Books in your possession cannot be changed by the government although they can be burned.
Old books just smell good.
An analogies question from the future once civilization arises again from the ashes of whatever takes ours down:
Fire : The Library at Alexandria :: EMP : ?
The assumption that people will read books on thier computers is ludicrous. The millenials do not read and when they do the new mantra is: shorter is better. They also read while texting their friends, 10 AIM chat windows open, and listening to rap music.
The old adage you are what you read has not changed, and the millenials reflect this in their voting preferences (and now we have a celebrity for a president).
Books can tell you so much more than online material. No one can edit them or censor them after the fact.
With a printed book, no one can electronically monitor what you are reading, or when.
This afternoon, I pulled an old book off my shelf. It was published in 1928. I had picked it up at a yard sale. How many other people had read and enjoyed that book?
I know someone who uses the Kindle device to download and read books from Amazon.com. Kindle is not for me. I want a book I can hold in my hands, whose pages I can turn. Those who would destroy libraries would destroy freedom.

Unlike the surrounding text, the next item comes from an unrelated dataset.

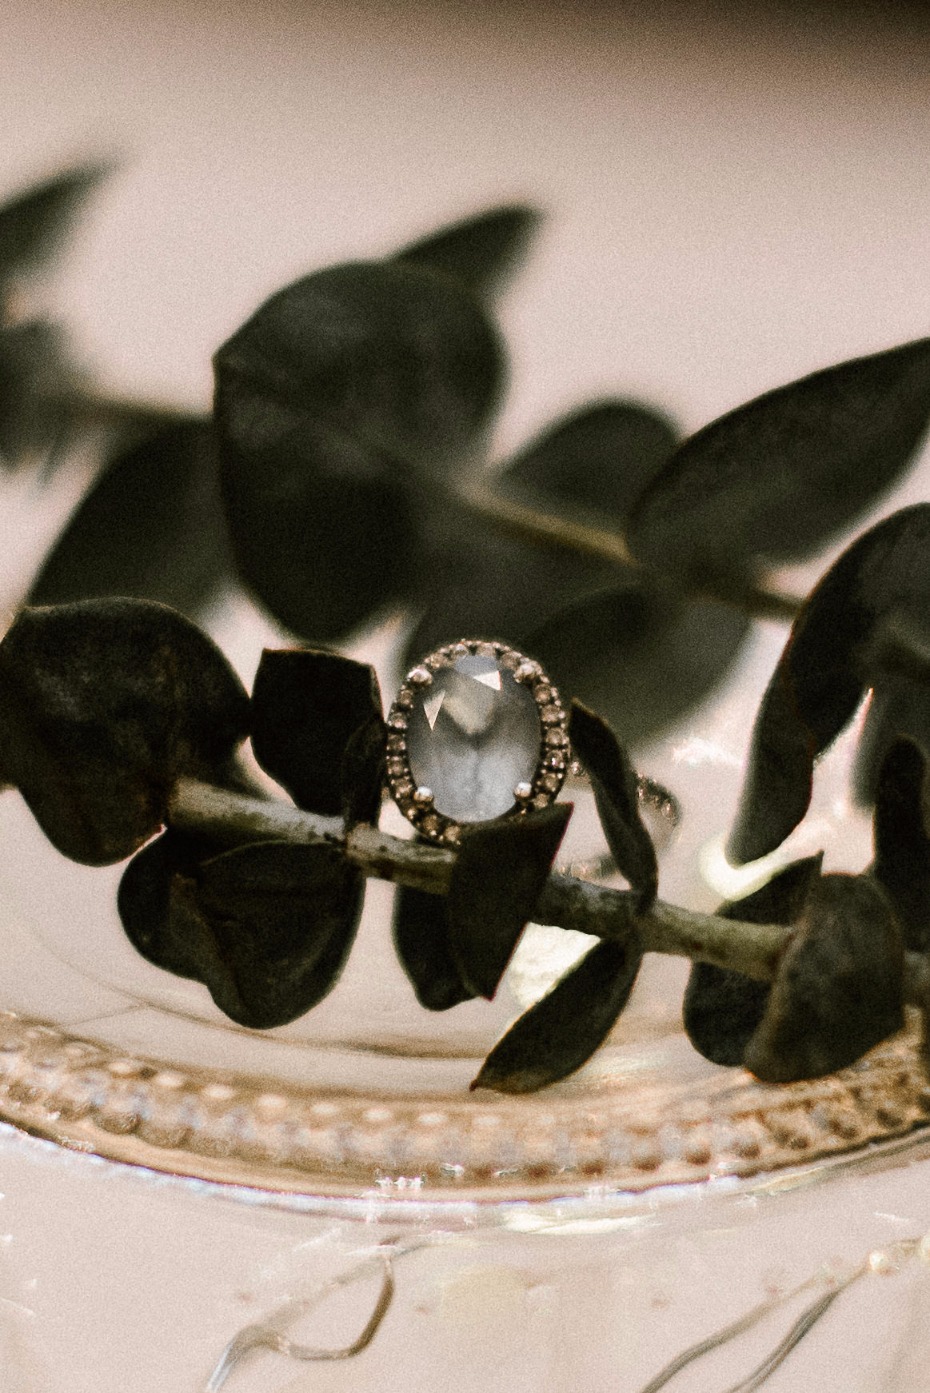 vintage wedding ring

Unfortunately, you can't buy books and add them, there's only what's included with the application.
A fairly large library one town over has not one single book by GK Chesterton—not one. This is one of the most prolific writers of the early 20th century who inspired Gandhi and Micheal Collins, who rediscovered Dickens, who wrote the best biography of St Aquinas, etc. And he doesn't even exist? Love him or hate him, but to not include him at all? Air brush it out of history?
Build your own library, if not for yourself then for your grandchildren. It is said that when the Roman world fell, that the seeds of civilization were kept alive in monasteries in far away Ireland. That day is coming again.